Nina Allender (1872-1957)

Born Nina Evans in Auburn, Kansas, Allender was the daughter of a superintendent of schools. She received formal training in art and studied at the Corcoran School of Art and the Pennsylvania Academy of Fine Arts. She was an instrumental propagandist for the suffrage movement and the key artist on the staff of the NWP's publication, The Suffragist.

Nina E. Allender, cartoonist, National Woman's Party. Harris & Ewing. ca. 1915-July 29, 1916.

In early 1913 Allender and her mother, Eva Evans–one of the first women employees of the Interior Department–received a visit from Alice Paul, whom they did not know, asking them to contribute money and time to the suffrage cause. Allender was working full time at the Treasury Department to support herself after her husband's desertion. Paul's appeal was hard to refuse, and Allender began a long association with Paul and the Congressional Union for Woman Suffrage (CU)–later the National Woman's Party (NWP).
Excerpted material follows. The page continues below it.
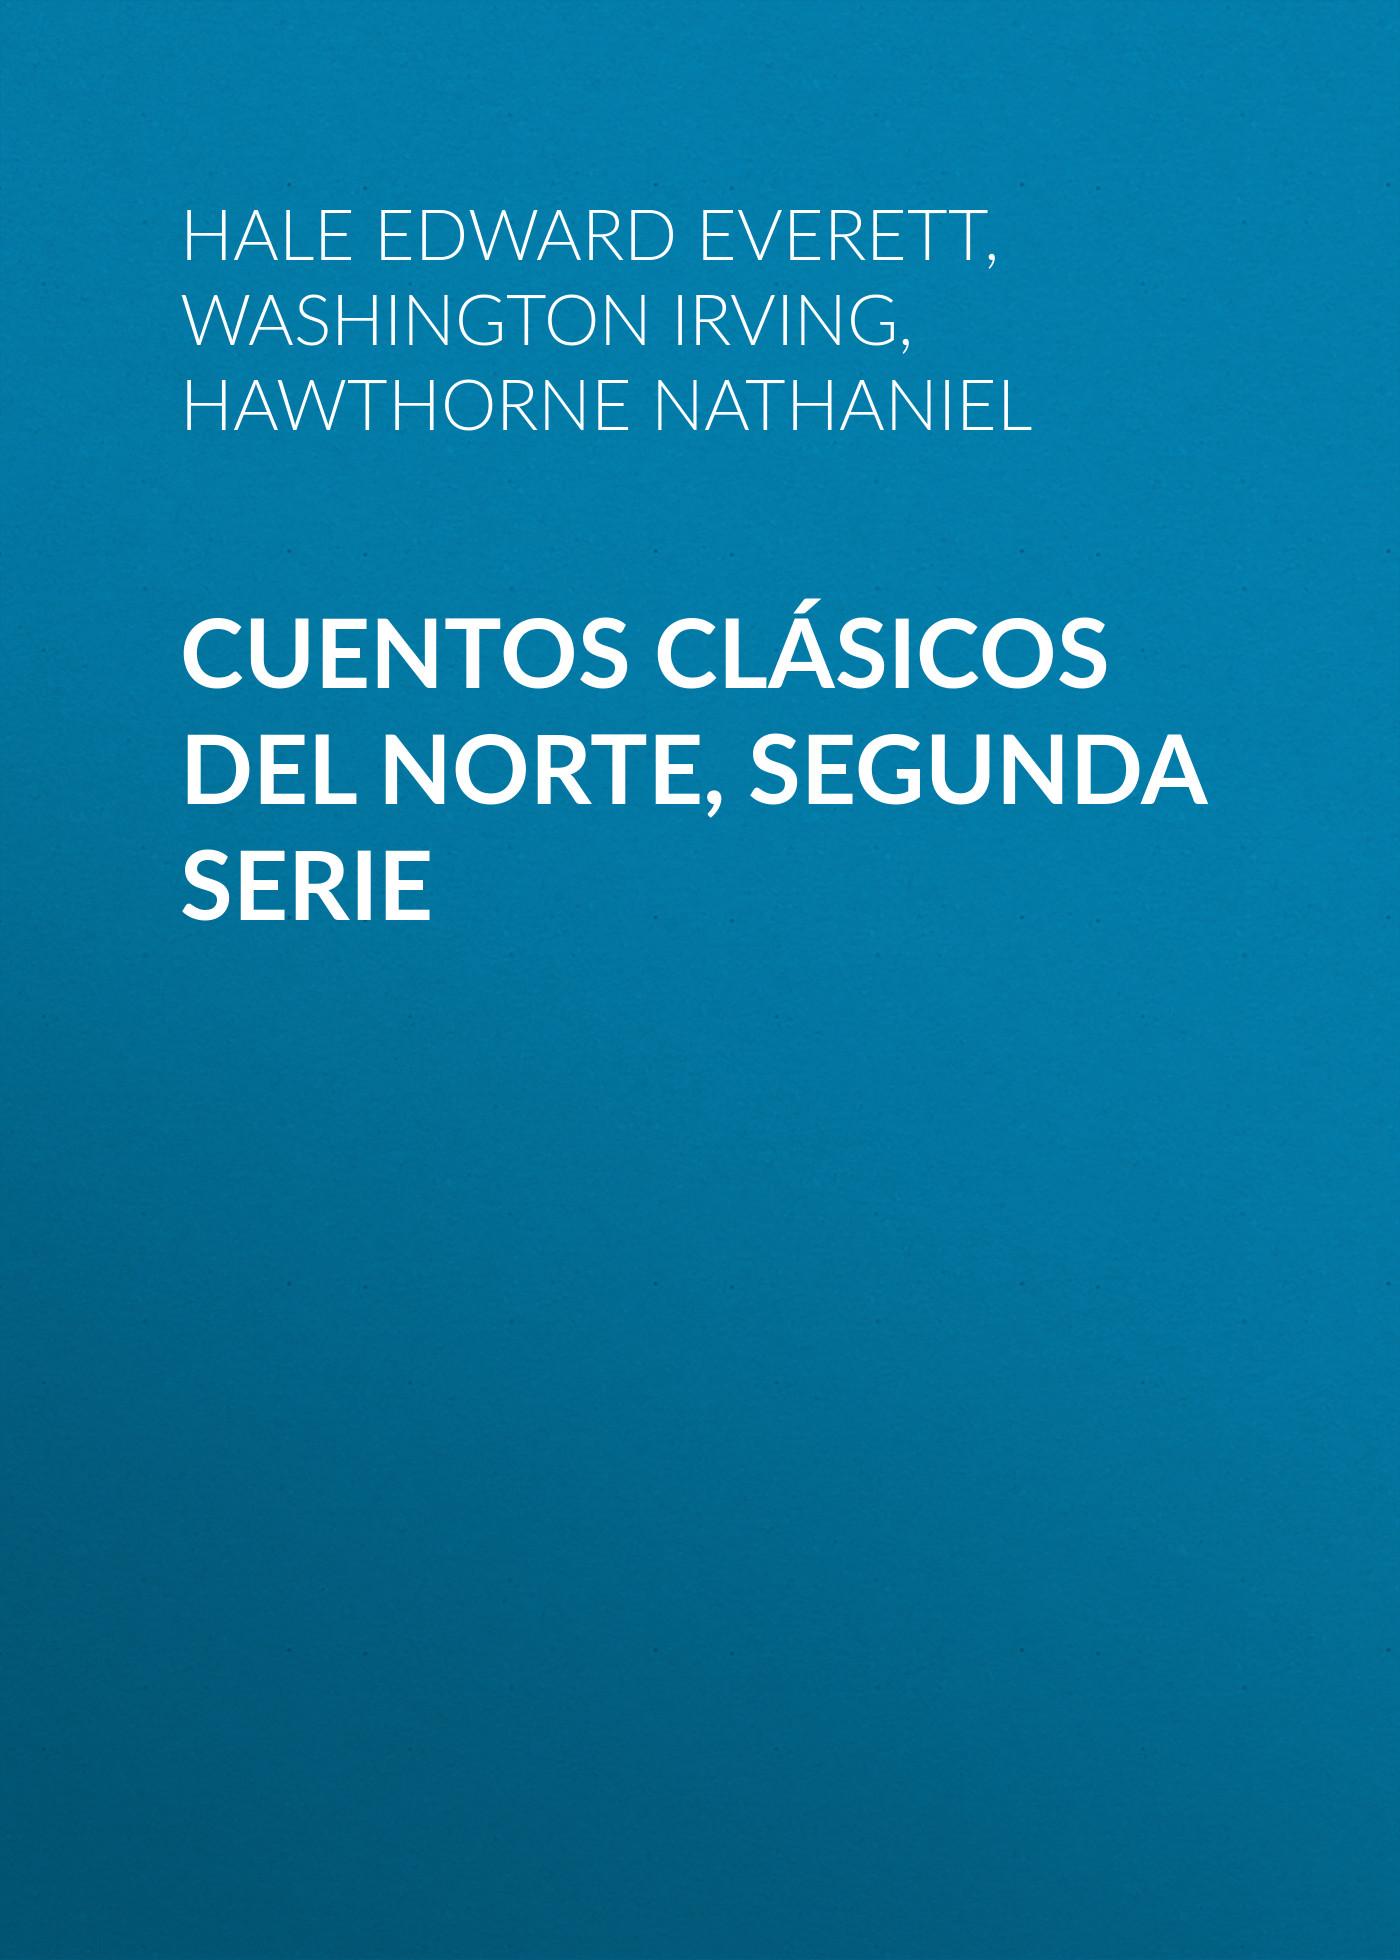 Вашингтон Ирвинг Cuentos Clásicos del Norte, Segunda Serie

At Paul's request, Allender submitted her first cartoon to The Suffragist, initially hesitating because she saw herself as a painter and not a cartoonist. From 1914 to 1922 Allender produced some 200 political cartoons that were published in The Suffragist and its successor journal, Equal Rights. Many of these cartoons featured what became known as the "Allender girl"–a positive representation of a suffragist as a winsomely attractive, stylish, and self-possessed young woman deeply dedicated to the cause. This portrayal helped shift the public image of what a women's rights advocate was like. Other Allender drawings featured Uncle Sam, members of Congress, or the woman suffrage ("Anthony") amendment itself in allegorical form, the latter often as a slim young girl awaiting her rights.

Mrs. Nina E. Allender. Harris & Ewing. ca. 1913-1915.

The distinctive style of Allender's pencil drawings, along with the NWP's use of photography, provided readers with visual propaganda that helped convey information about current events and advertise the NWP cause, as well as to publicize graphically specific NWP activities. To view digital versions of Allender's suffrage cartoons, some of which originally appeared on the front cover of The Suffragist, see the Sewall-Belmont House Web site External.

Allender also spent time in the field as an organizer. She worked in Wyoming during the elections of 1916, informing fellow suffragist Margaret Foley, "I never enjoyed any thing more." She remained active in the NWP during its campaign for the Equal Rights Amendment, and served on the NWP council until poor health forced her resignation in 1946.